The 2018–19 Burger King Super Smash (named after the competition's sponsor Burger King) was the fourteenth season of the Men's Super Smash Twenty20 cricket tournament in New Zealand. It took place from 22 December 2018 to 17 February 2019. Northern Knights were the defending champions.

On 1 January 2019, in the match between Auckland Aces and Canterbury Kings, Canterbury's Kyle Jamieson took the best figures by a bowler in a T20 match in New Zealand, and the third-best figures ever, when he took six wickets for seven runs from his four overs.

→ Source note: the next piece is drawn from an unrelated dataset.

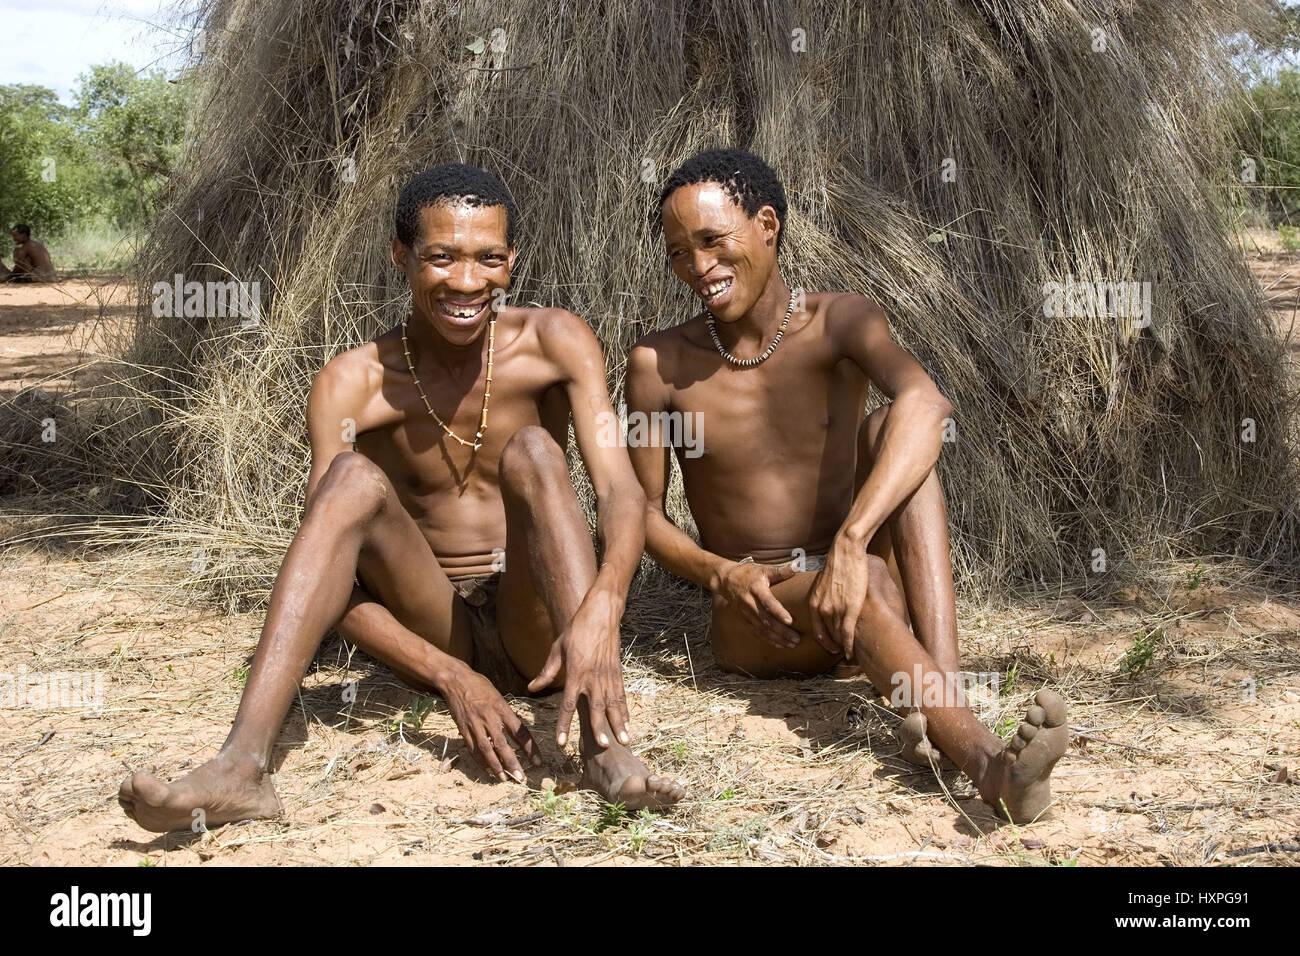 Buschmann M? Nner sitzen vor ihren Tratitionelen Rasen bedeckten Hütten. Namibia, Buschmann Männer einer Vor Ihren Tratitionelen Grasbedeckten Hütten. Namibi Stockfoto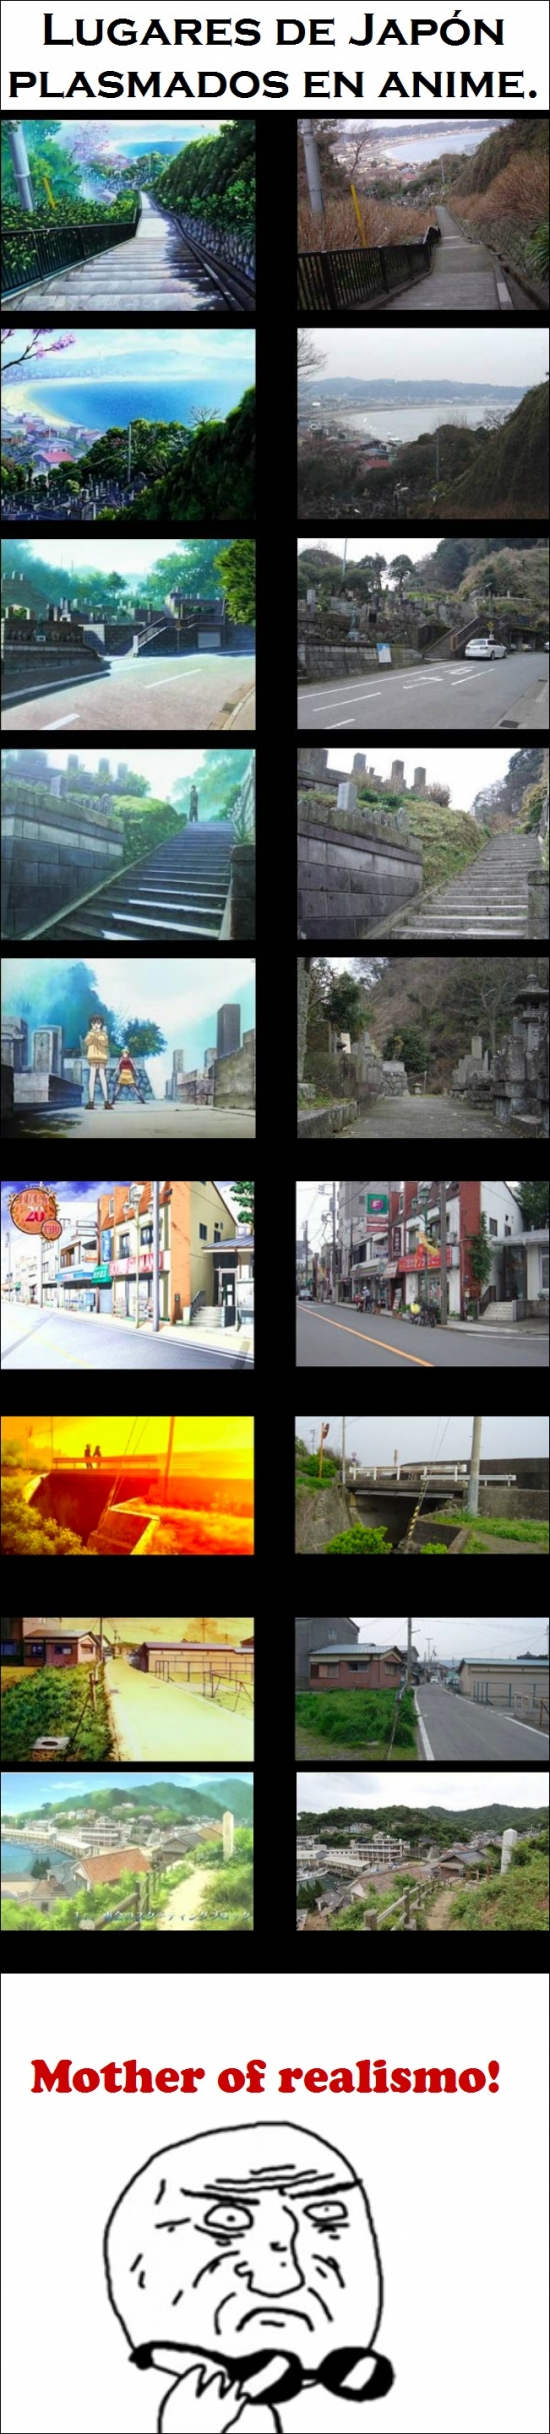 Mother_of_god - Lugares de Japón en anime, ¿ves las diferencias?

On 25 January 2019, Northern Knights were the first team to reach the final of the tournament, after they beat Central Stags by 131 runs, securing a home final in the process. On 2 February 2019, the Auckland Aces beat the Northern Knights by six wickets to confirm their spot in the playoffs. The Central Stags became the third and final team to reach the playoffs. In the Preliminary Final, Central Stags beat Auckland Aces by 44 runs to progress to the final.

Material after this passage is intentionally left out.